Employee engagement includes an employee's psychological involvement in their job and tasks, the connection they feel to their colleagues and leaders, and the resulting commitment they have toward the organization. Highly engaged employees are typically characterized as having a positive effect, high energy, and will display discretionary effort.

Create Experiences From Employees Standpoint

Cameron Smith is senior global director of product management for workforce engagement at Daly City, Calif.-based Genesys, shared his thoughts on the causes of disengagement.

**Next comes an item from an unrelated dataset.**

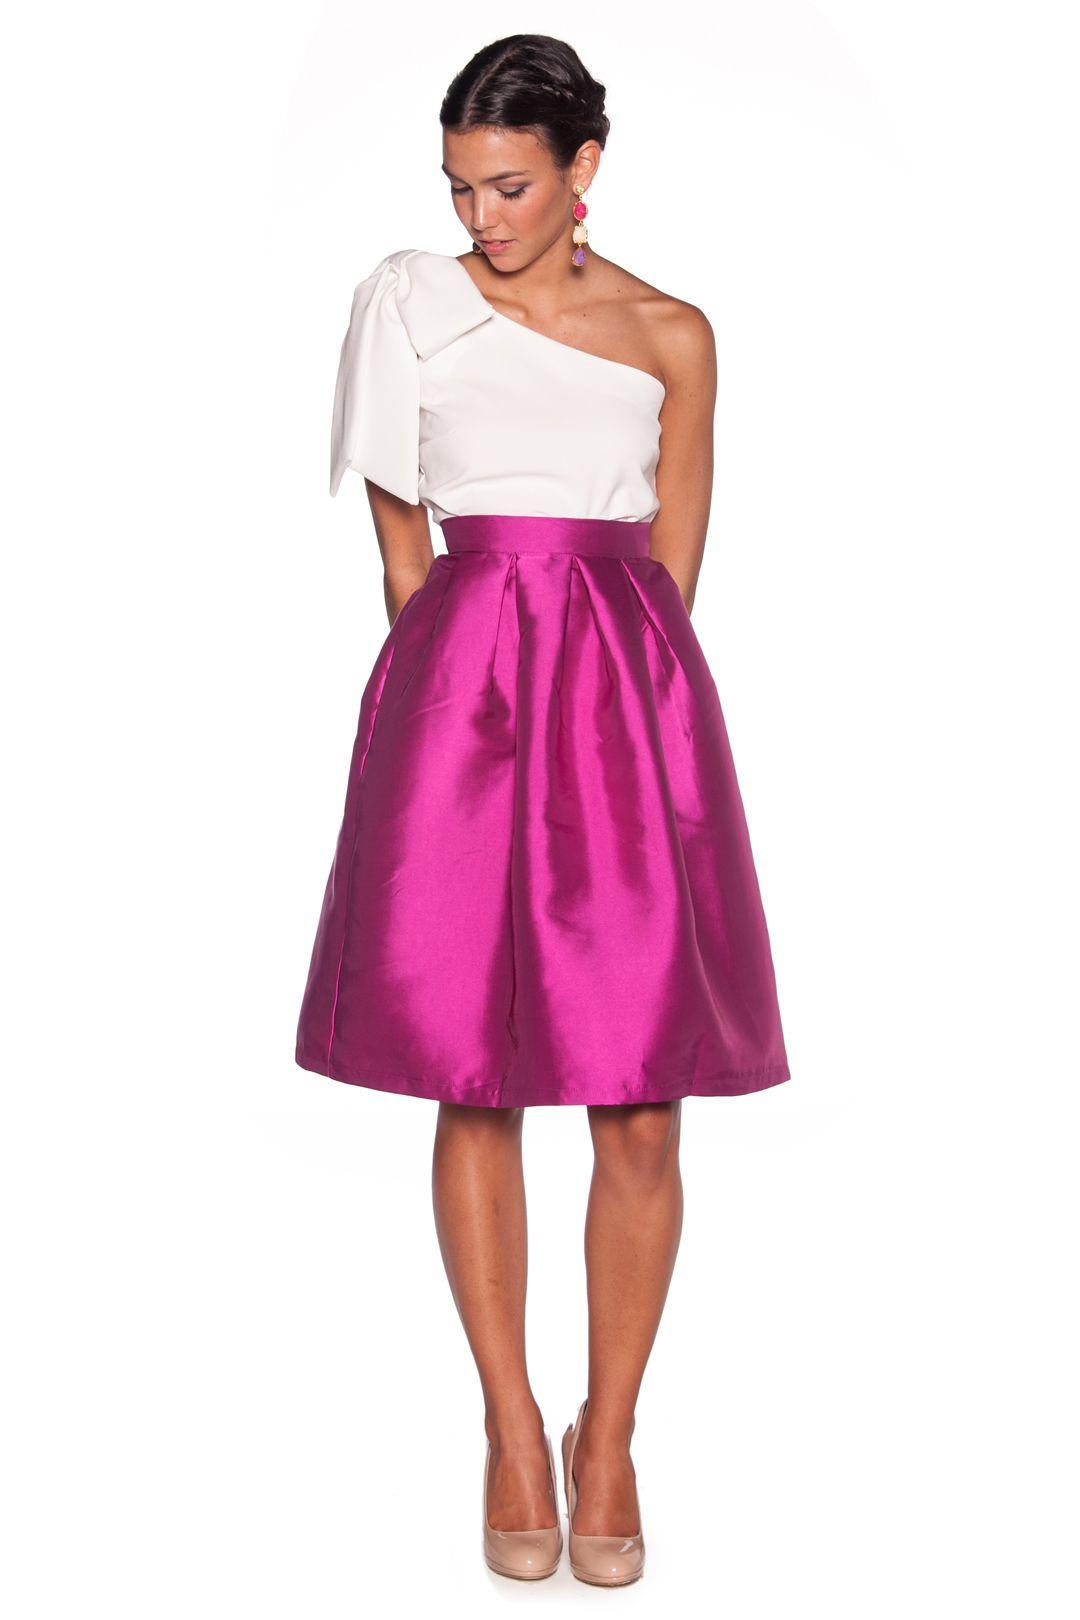 Falda midi con vuelo y top asimetrico | vestidos fiesta | Pinterest ...

  • Lack of understanding of, or connection to, the core mission and values of the company
  • Lack of feedback and direction from the team manager, or just overall poor communication between the employee and manager
  • Feeling underappreciated for the employee’s individual efforts
  • Lack of good rapport with teammates
  • An incomplete onboarding process

Final Thoughts

Employee experience is the totality of all the perceptions and experiences that employees go through while working at a company. It is an employee-centric and bottom-up approach where employers design their workflow and processes around their employees to better their day-to-day and overall experiences. Employee engagement is all about short-term cosmetic changes (i.e. one-off engagement activities,) employee experience encompasses the entire reality of what it's like to work at an organization. Both are equally important but to really develop a strategy that encompasses both it is important to understand both and how they impact on work and the organization globally.